----- INFORMATION SUPPLIED

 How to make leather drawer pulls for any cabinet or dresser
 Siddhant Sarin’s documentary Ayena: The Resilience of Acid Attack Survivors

----------
----- INFORMATION SUPPLIED

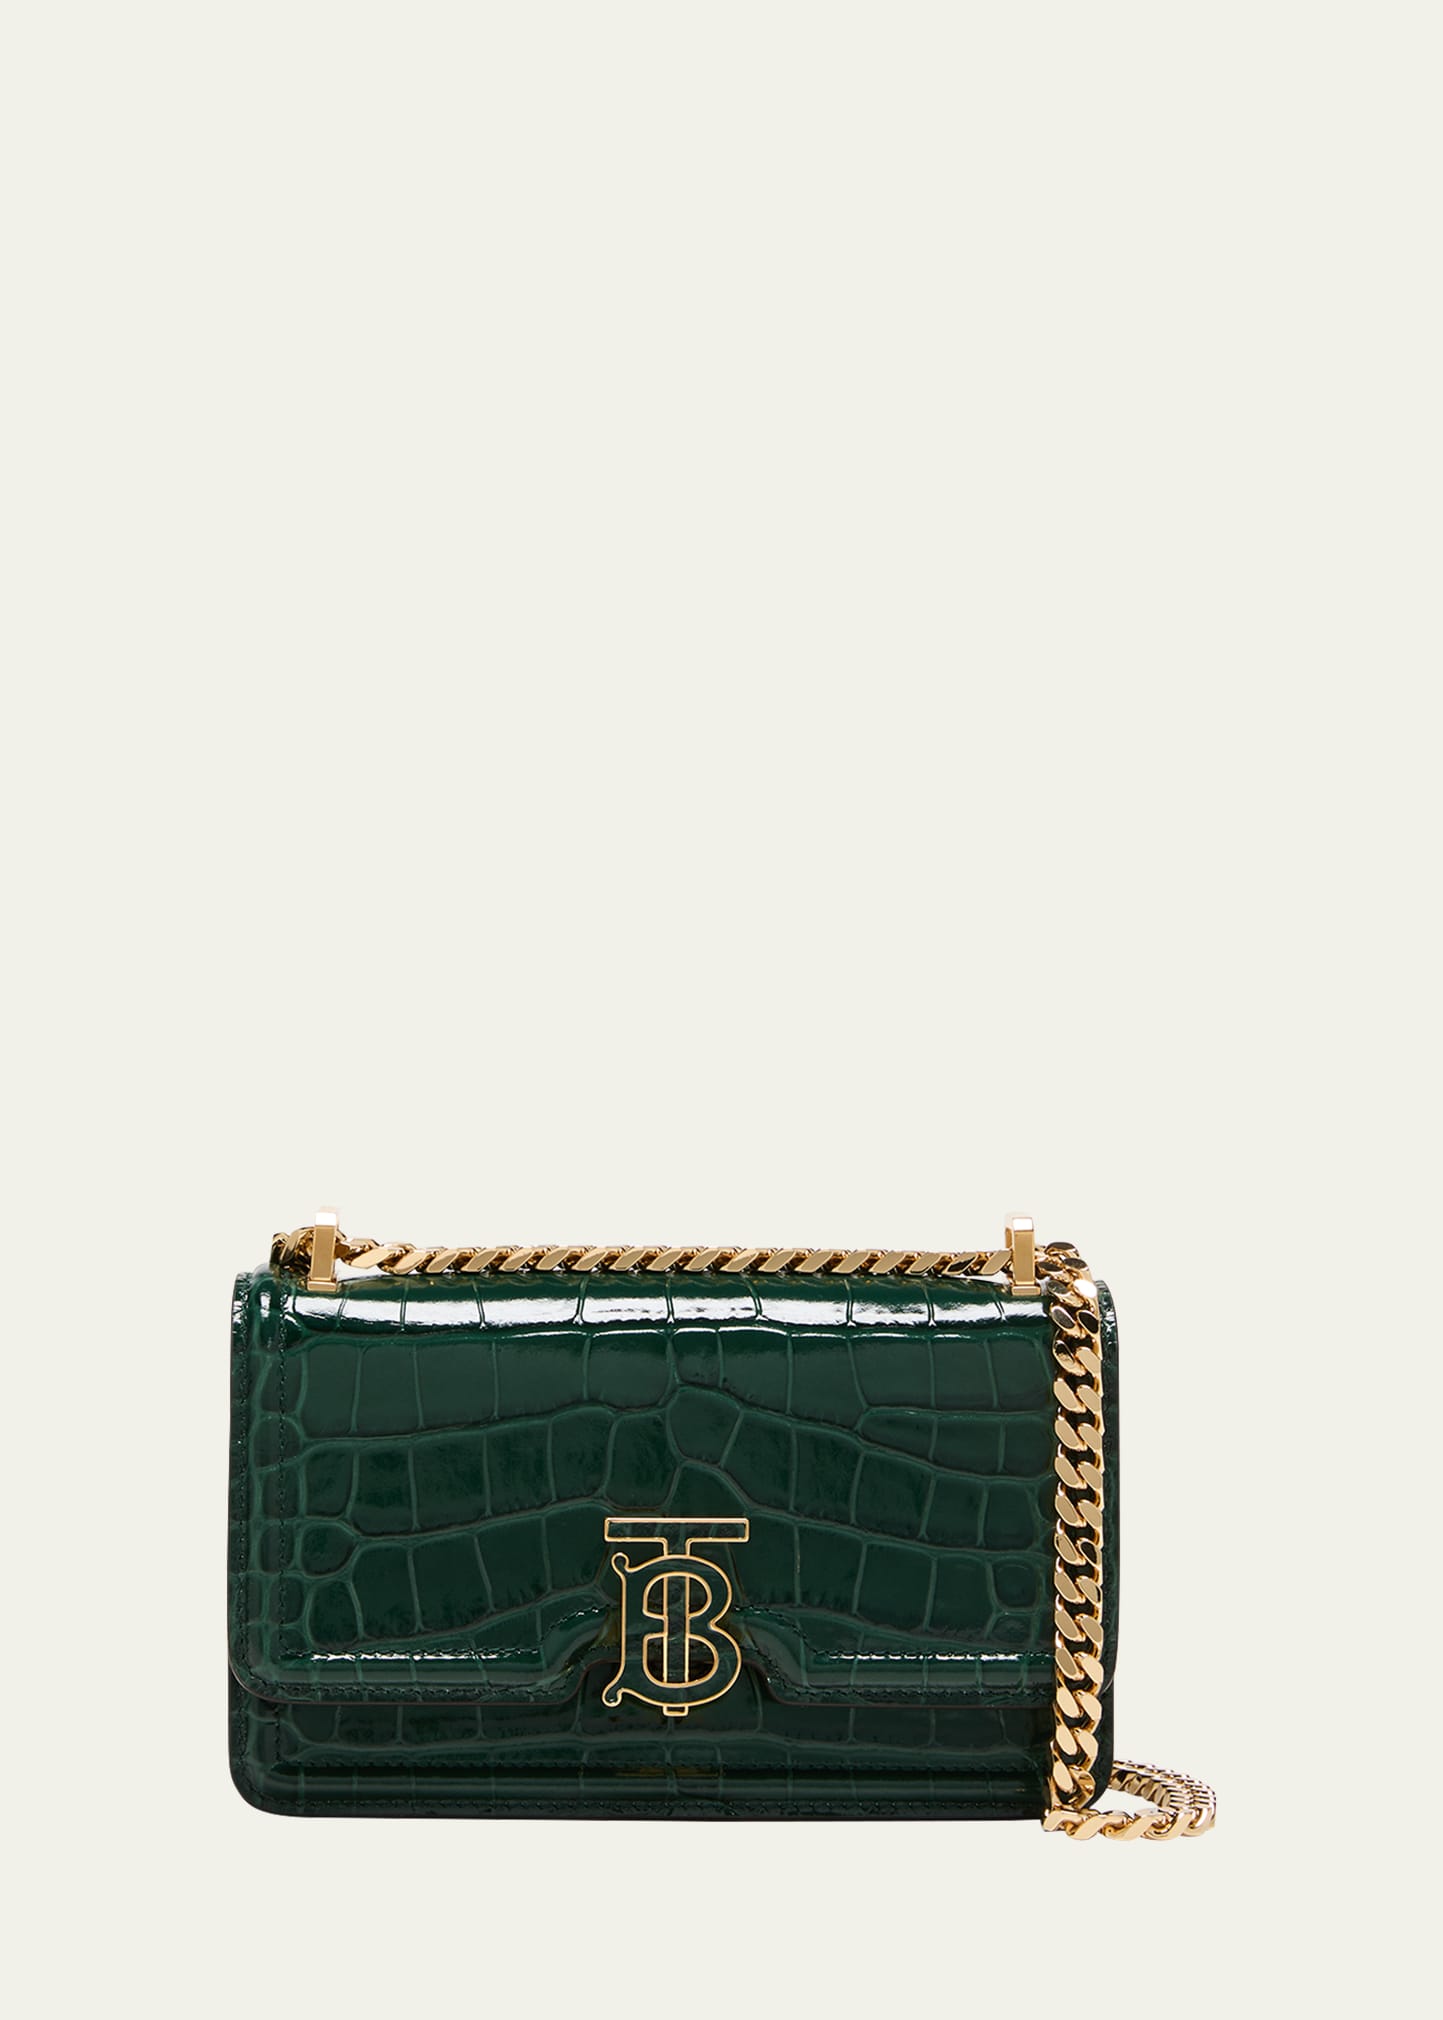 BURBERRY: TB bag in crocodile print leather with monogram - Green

----------
----- INFORMATION SUPPLIED

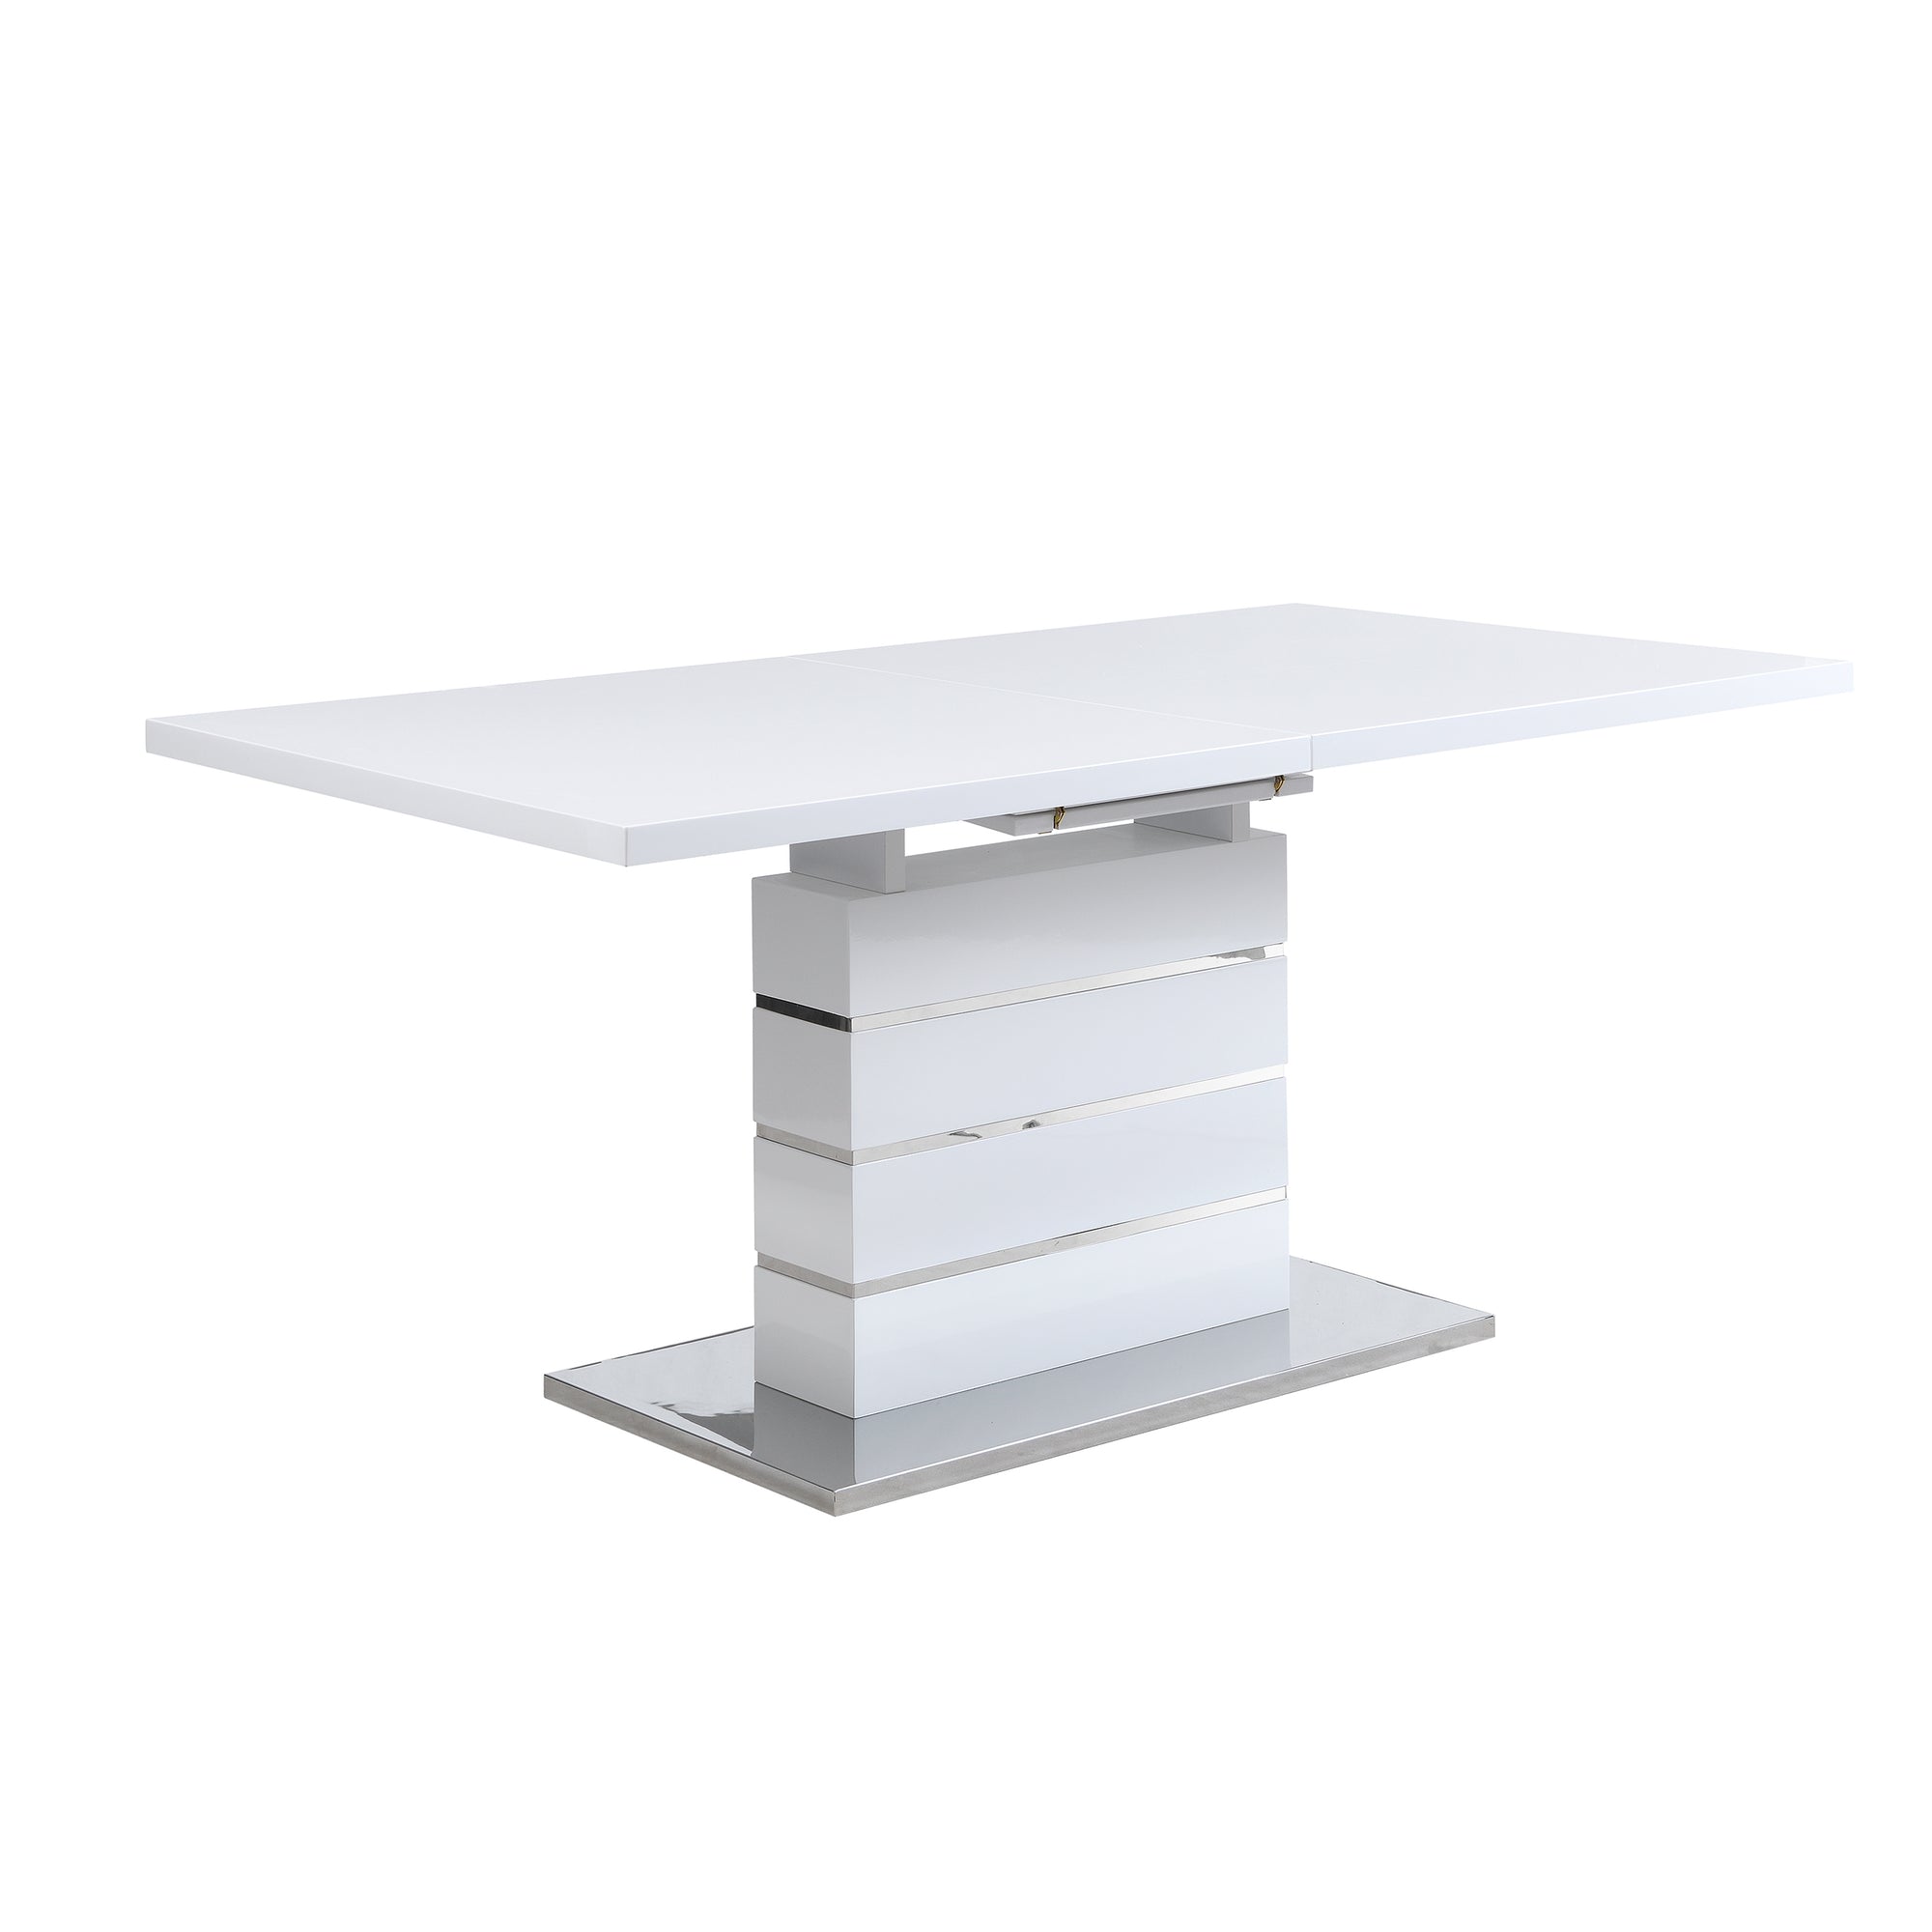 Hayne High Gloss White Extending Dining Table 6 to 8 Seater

----------

Copy out only the lines of the records above from the one with "How to make" through the one with "Siddhant Sarin’s documentary", exactly as they stand, both included.

== ANSWER BOX ==
 How to make leather drawer pulls for any cabinet or dresser
 Siddhant Sarin’s documentary Ayena: The Resilience of Acid Attack Survivors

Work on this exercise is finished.